■ Task objective:
Could you repeat the listing exactly, leaving out the pictures?

■ Supplied material:

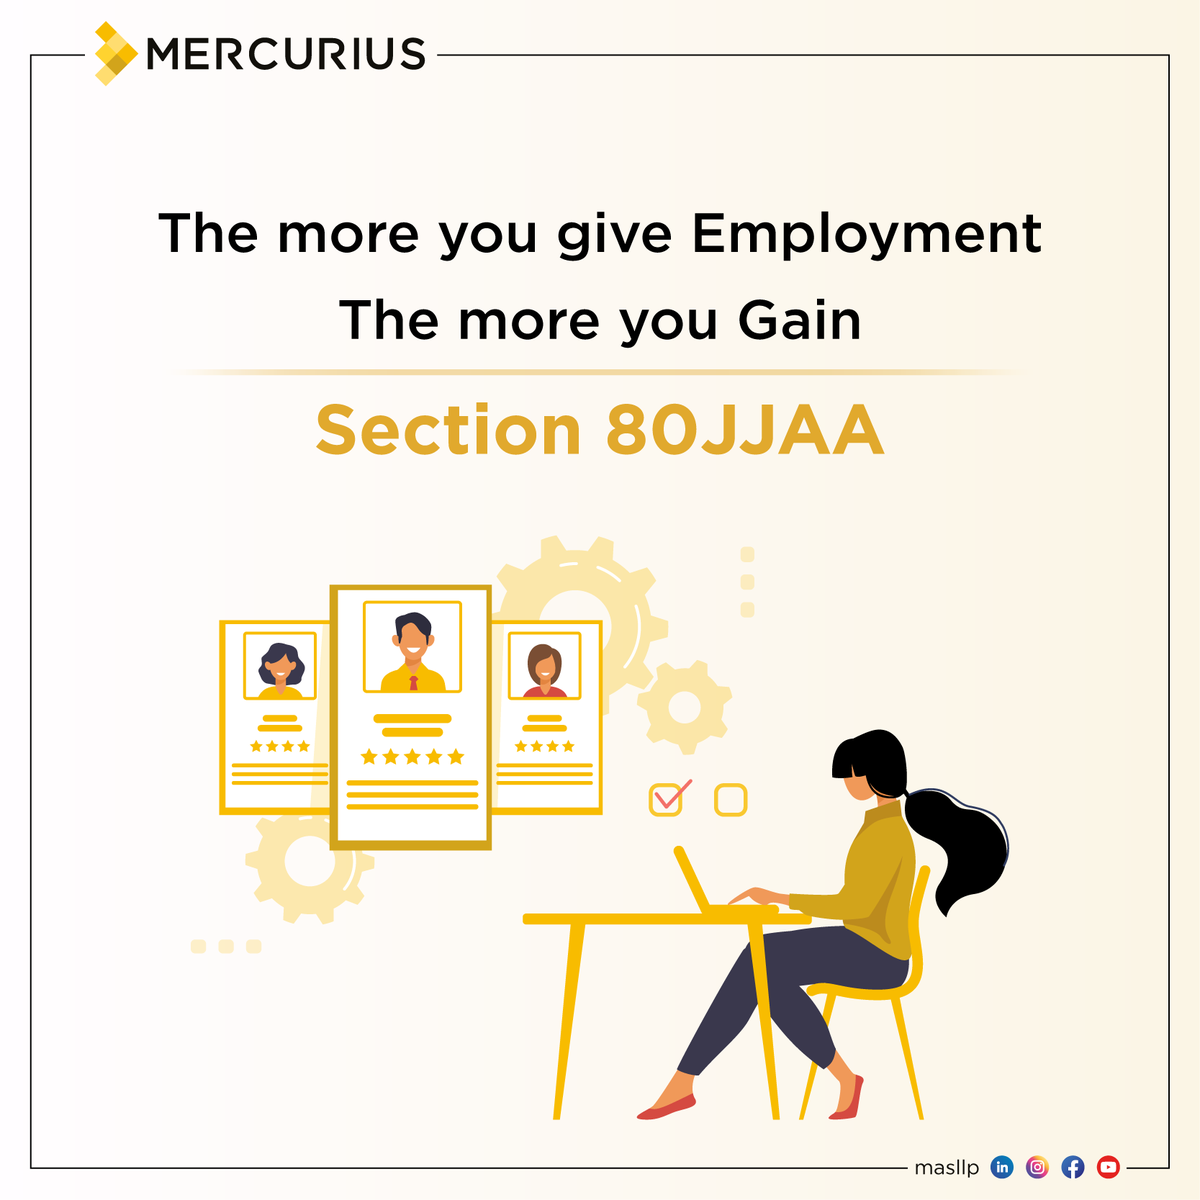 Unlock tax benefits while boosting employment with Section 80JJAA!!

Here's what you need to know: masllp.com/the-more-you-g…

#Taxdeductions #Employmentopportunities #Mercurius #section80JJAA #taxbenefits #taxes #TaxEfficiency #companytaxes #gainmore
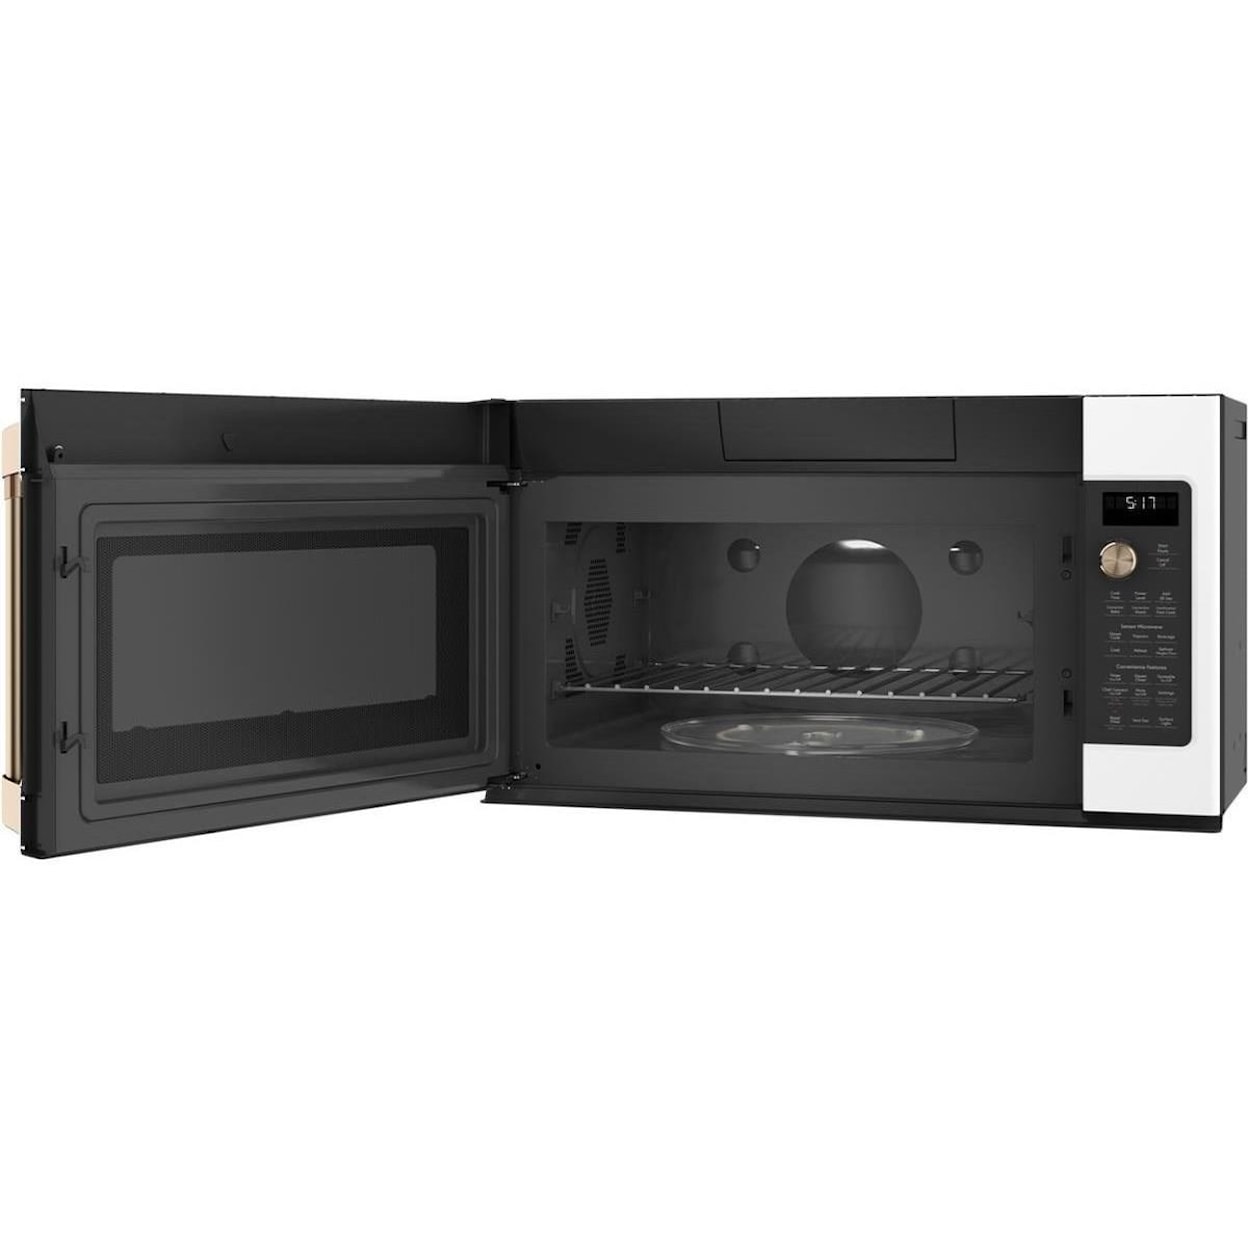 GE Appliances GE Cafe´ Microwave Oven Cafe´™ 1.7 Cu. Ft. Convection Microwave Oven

■ Task result:
 Unlock tax benefits while boosting employment with Section 80JJAA!!

Here's what you need to know: masllp.com/the-more-you-g…

#Taxdeductions #Employmentopportunities #Mercurius #section80JJAA #taxbenefits #taxes #TaxEfficiency #companytaxes #gainmore
 GE Appliances GE Cafe´ Microwave Oven Cafe´™ 1.7 Cu. Ft. Convection Microwave Oven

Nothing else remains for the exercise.